PROBLEM TO SOLVE - The line containing "LED geeignet 360°, SEBSON" and every line after it, through the end of the material: copy these exactly and nothing else, leaving pictures out.

DATASET SECTION -
═══

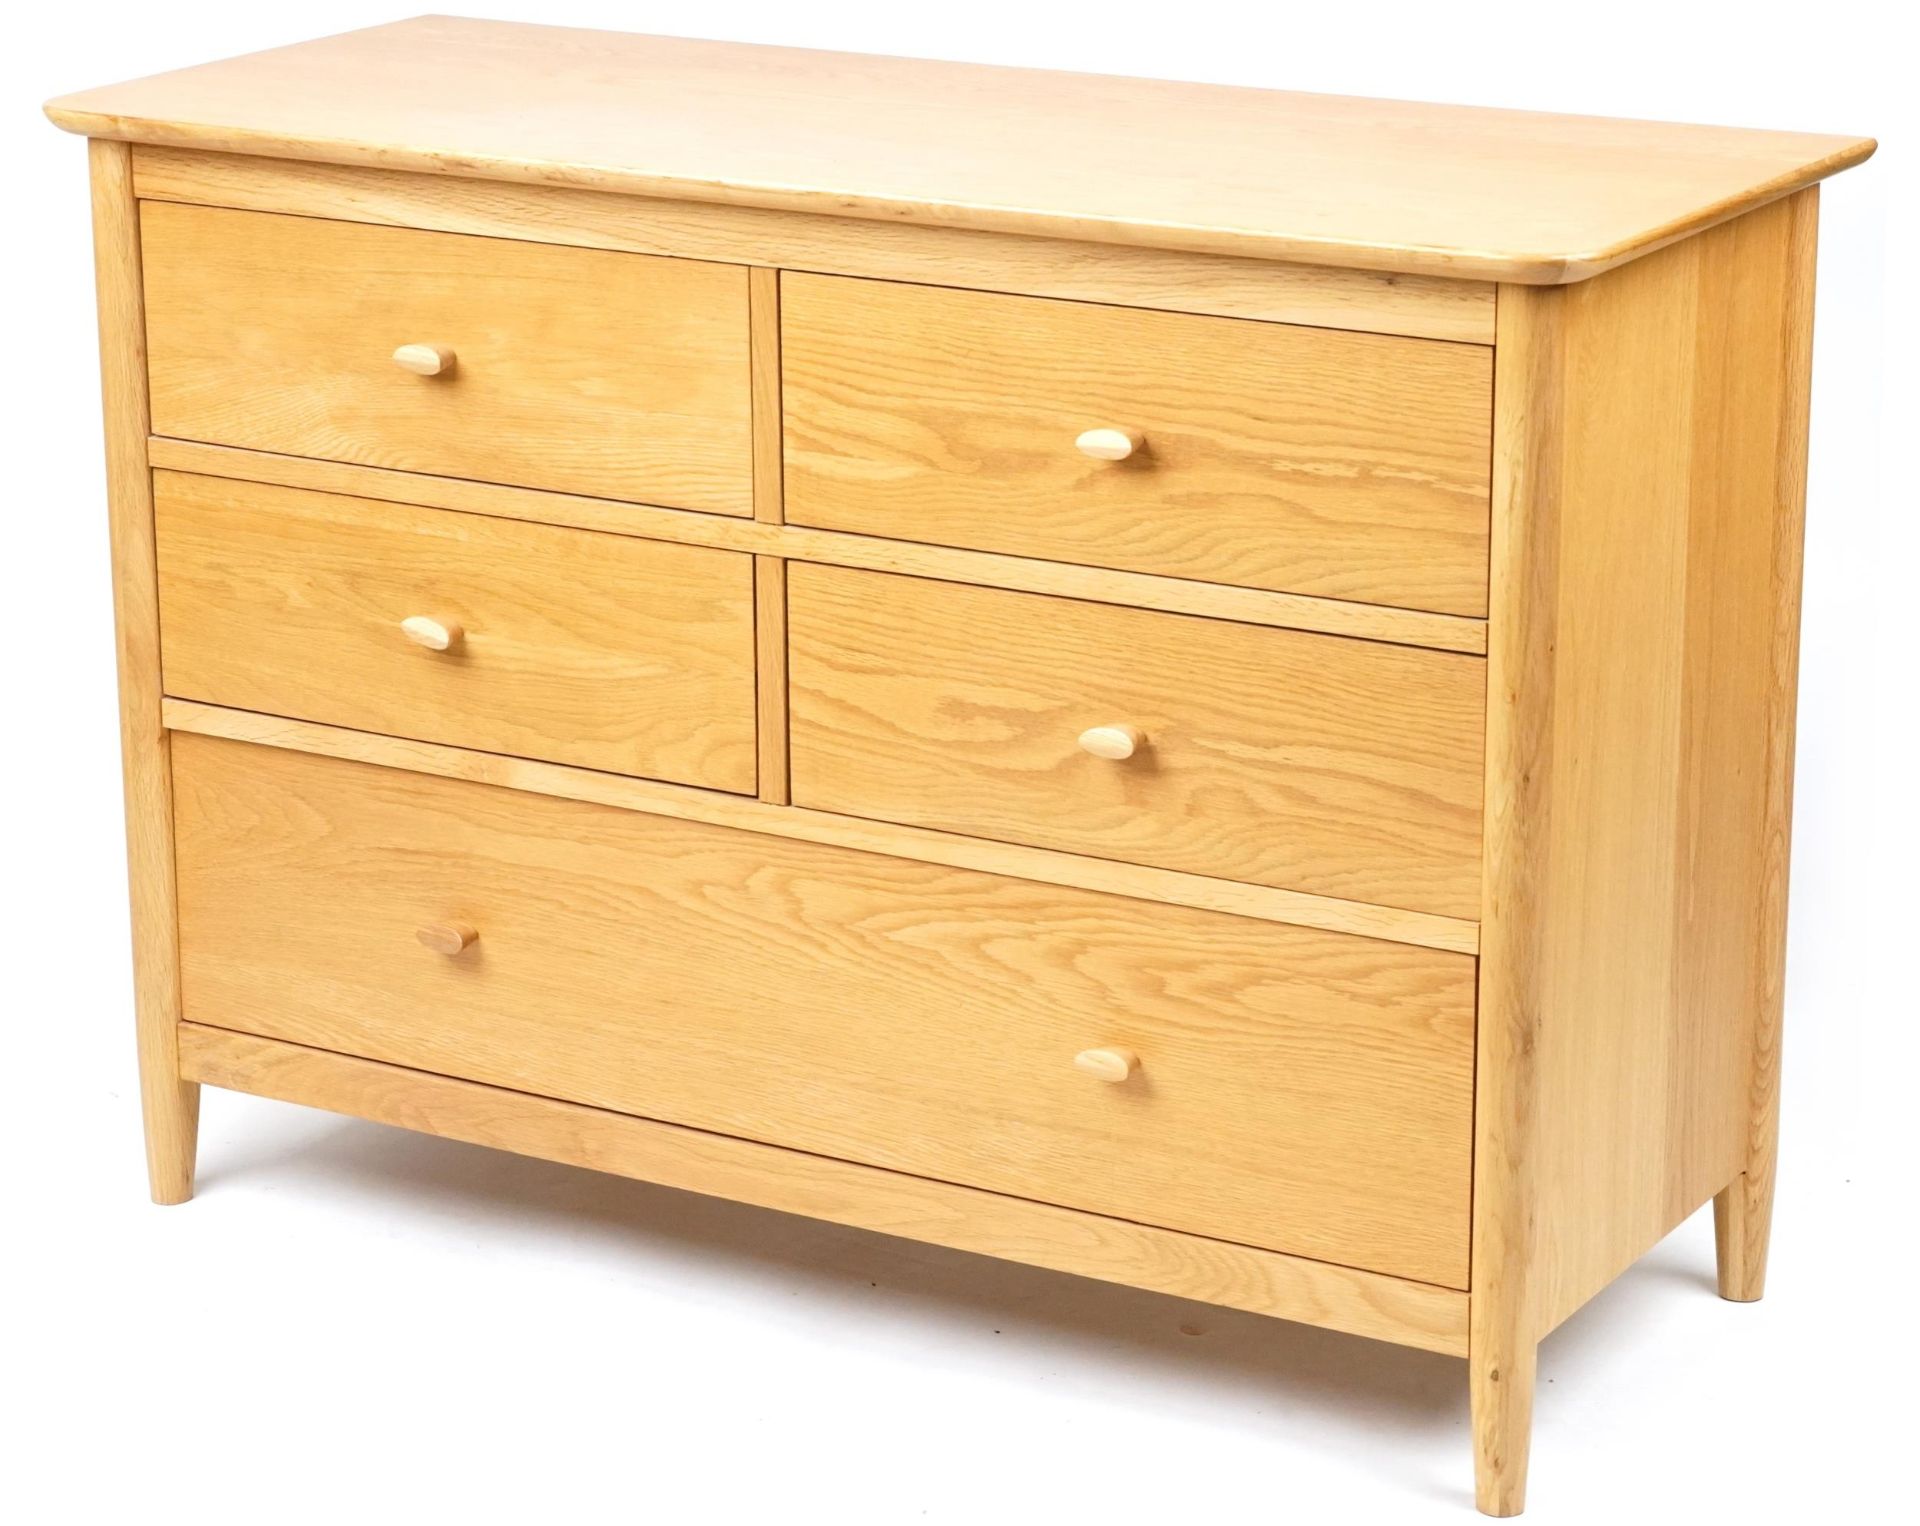 Ercol Teramo contemporary light oak five drawer chest, 79cm H x 114cm W x 47cm D
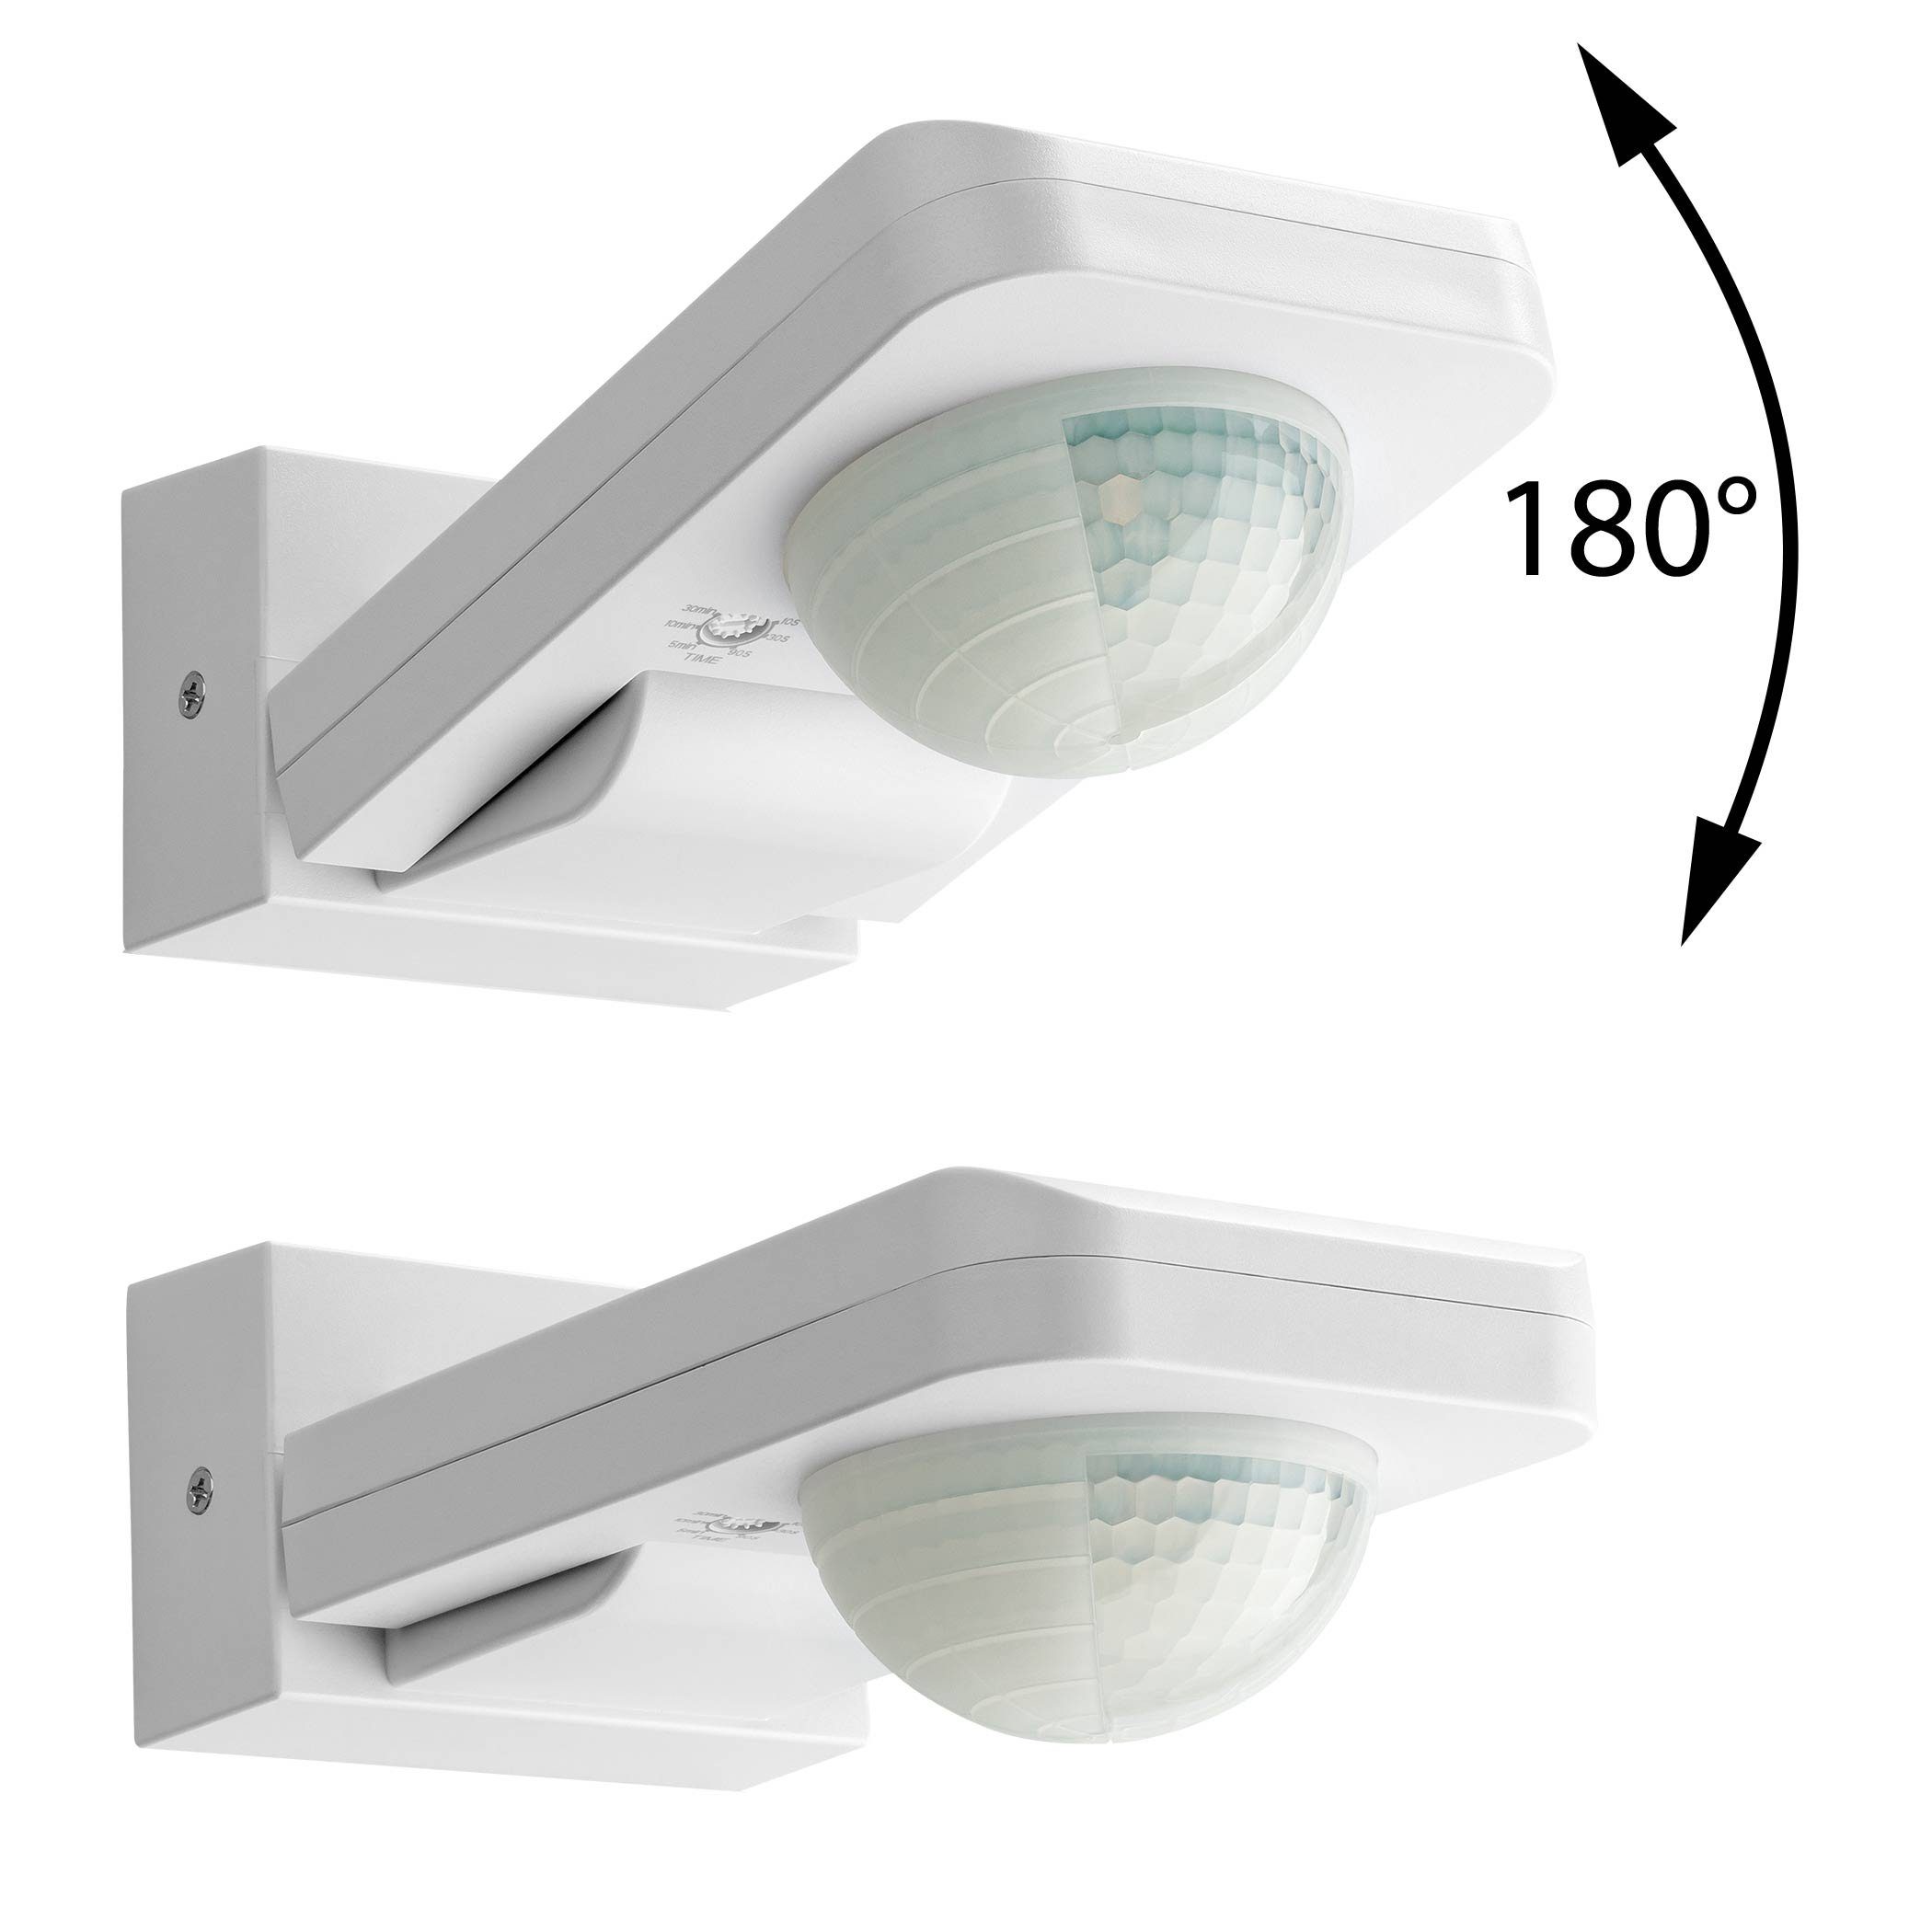 LED geeignet 360°, SEBSON / IP65, Bewegungsmelder Aussen Bewegungsmelder Aufputz, 20m
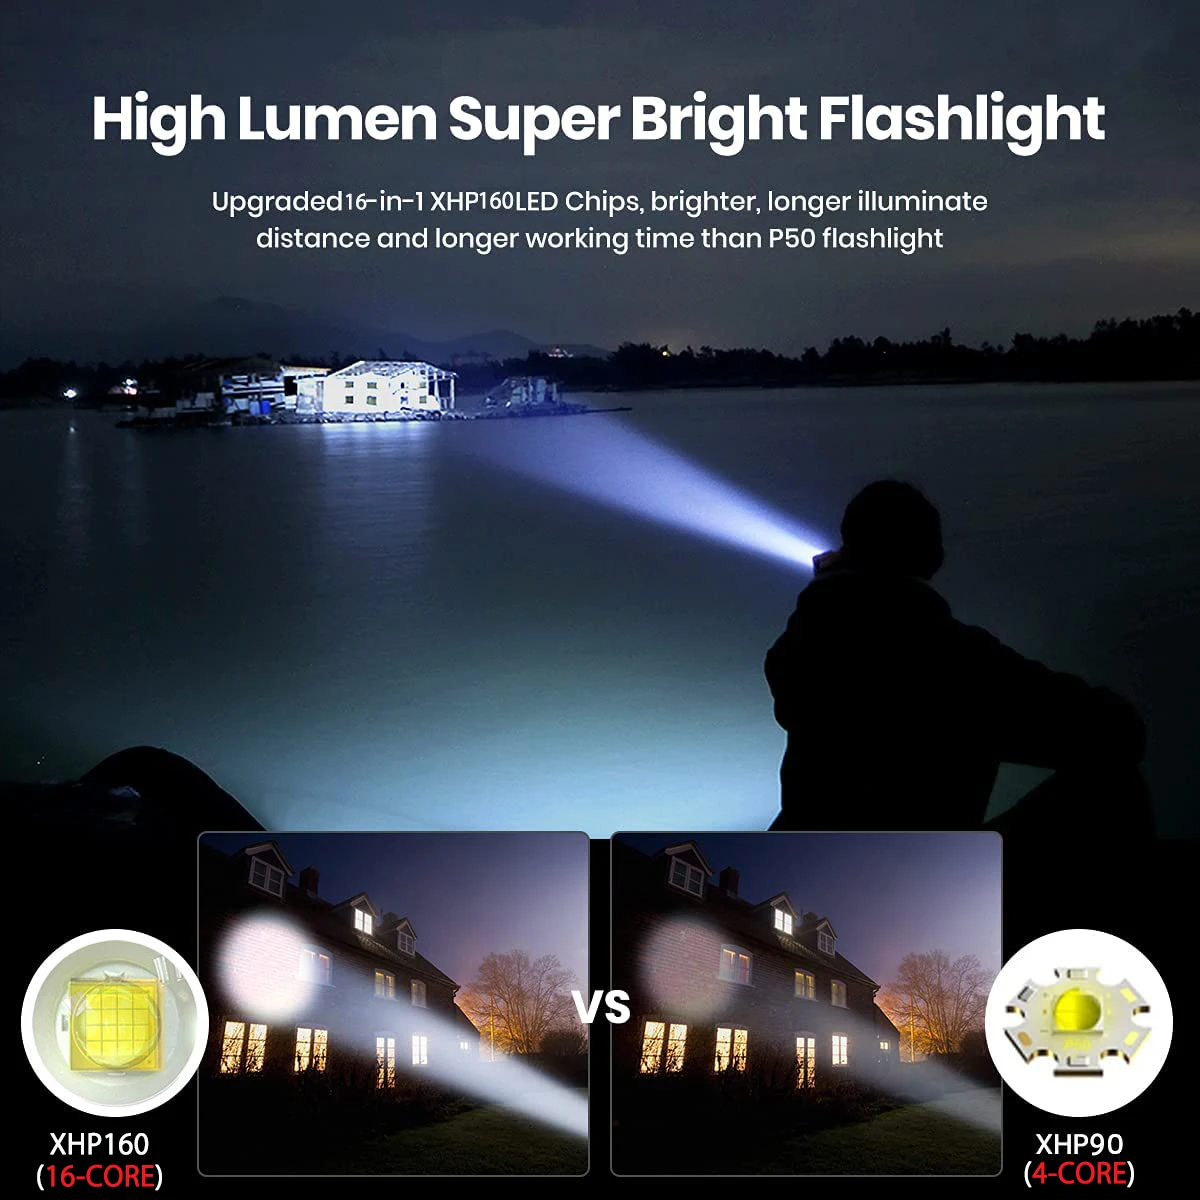 xhp160 powerful flashlight 16 core led hand lantern cob side light torch 7 lighting modes torchlight waterproof usb rechargeable free global shipping

═══

COMPLETED TASK -
 LED geeignet 360°, SEBSON / IP65, Bewegungsmelder Aussen Bewegungsmelder Aufputz, 20m
 xhp160 powerful flashlight 16 core led hand lantern cob side light torch 7 lighting modes torchlight waterproof usb rechargeable free global shipping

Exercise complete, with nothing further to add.